On September 14, 2017, the Company and Navitus entered into an amendment to the divestiture agreement (the “Amended Divestiture Agreement”), pursuant to which the parties amended the Divestiture Agreement to provide for the issuance of 166,549,134 shares of the Company’s common stock (or 4,382,872 shares of common stock following the Company’s planned 1-for-38 reverse stock split) to Navitus upon closing of the transactions contemplated by the Divestiture Agreement. The Company also agreed to provide Navitus with demand registration rights for these shares, whereby the Company agreed to file within thirty (30) of request a registration statement on an appropriate form covering the resale of these shares and use its commercially reasonable efforts to cause such registration statement to be declared effective within one hundred twenty (120) days following such filing.
In connection with the foregoing, the Company entered into a lock-up and resale restriction agreement (the “Lock-Up Agreement”) with Navitus, pursuant to which Navitus agreed to certain restrictions on the transfer of these shares.
The foregoing summary of the terms and conditions of the Amended Divestiture Agreement and the Lock-Up Agreement does not purport to be complete and is qualified in its entirety by reference to the full text of those agreements filed as exhibits to this report.

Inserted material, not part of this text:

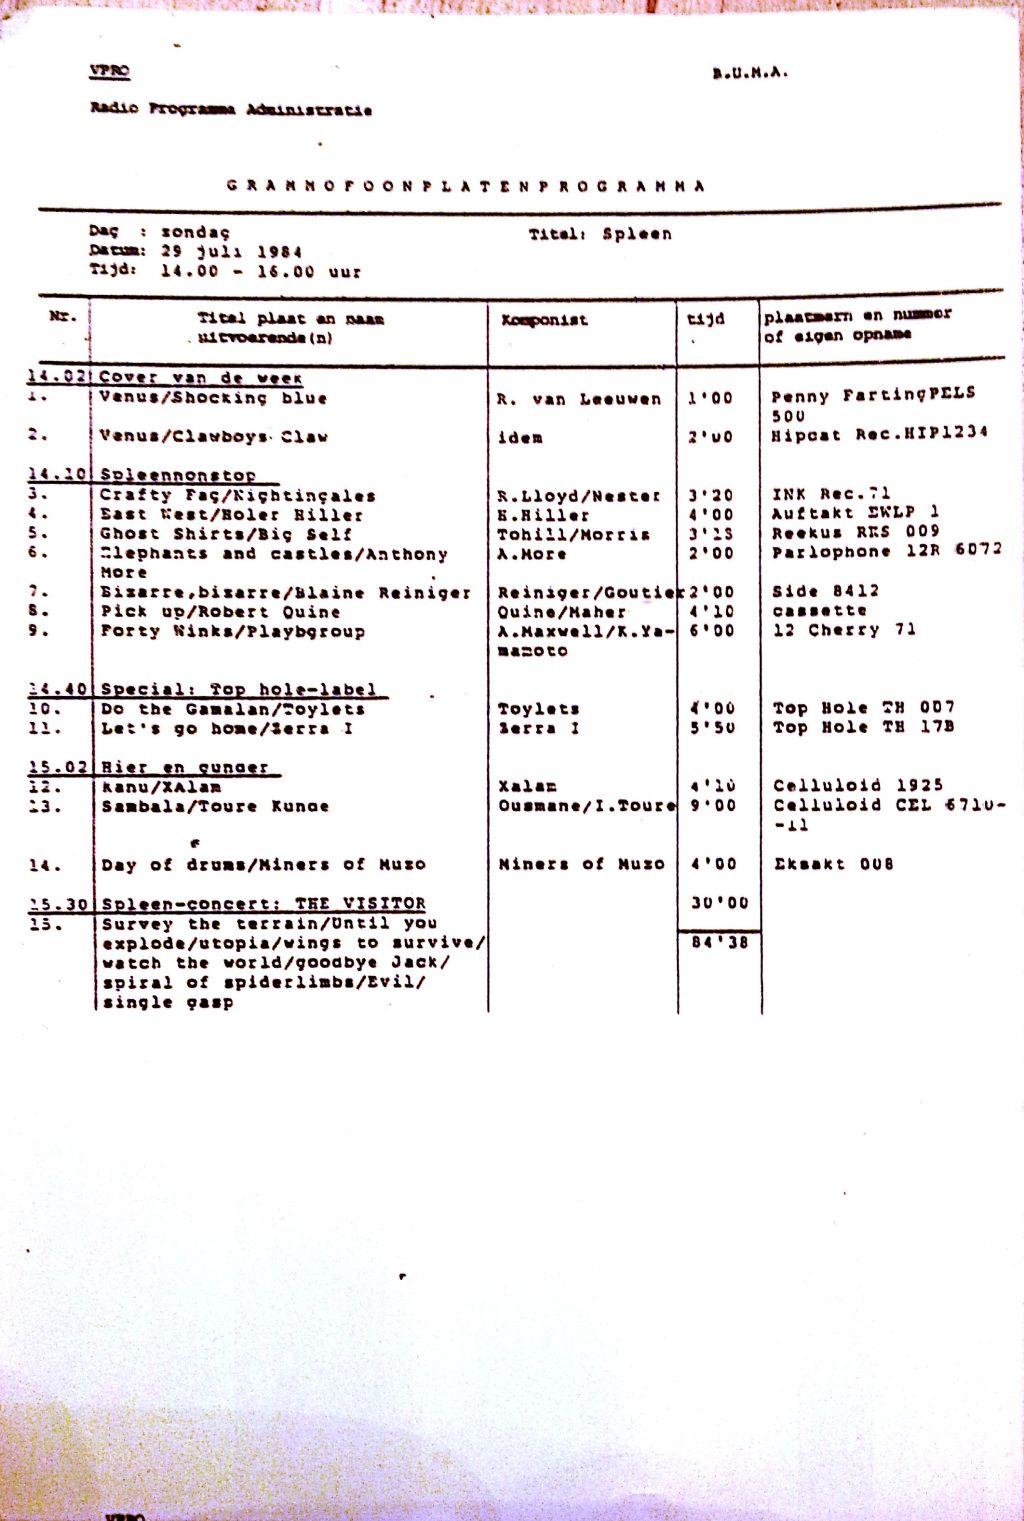 spleen 29 juli 1984

Item 3.02 Unregistered Sales of Equity Securities.
The information set forth under Item 1.01 regarding the issuance of shares of common stock under the Amended Divestiture Agreement is incorporated by reference into this Item 3.02. The issuance of these securities is being made in reliance upon an exemption from registration provided under Section 4(a)(2) of the Securities Act of 1933, as amended.
Item 5.03 Amendments to Articles of Incorporation or Bylaws; Change in Fiscal Year.
On September 14, 2017, the Board of Directors of the Company adopted Amended and Restated Bylaws, which revised the Company’s former bylaws. The following is a summary of certain provisions of the Amended and Restated Bylaws adopted by the Board of Directors. Such summary is not intended to be complete and is qualified
in its entirety by reference to the full text of the Amended and Restated Bylaws, a copy of which is filed as Exhibit 3.1 to this report and is incorporated by reference herein.
Generally, the Amended and Restated Bylaws update the Company’s former bylaws, and include (among others) the following modifications.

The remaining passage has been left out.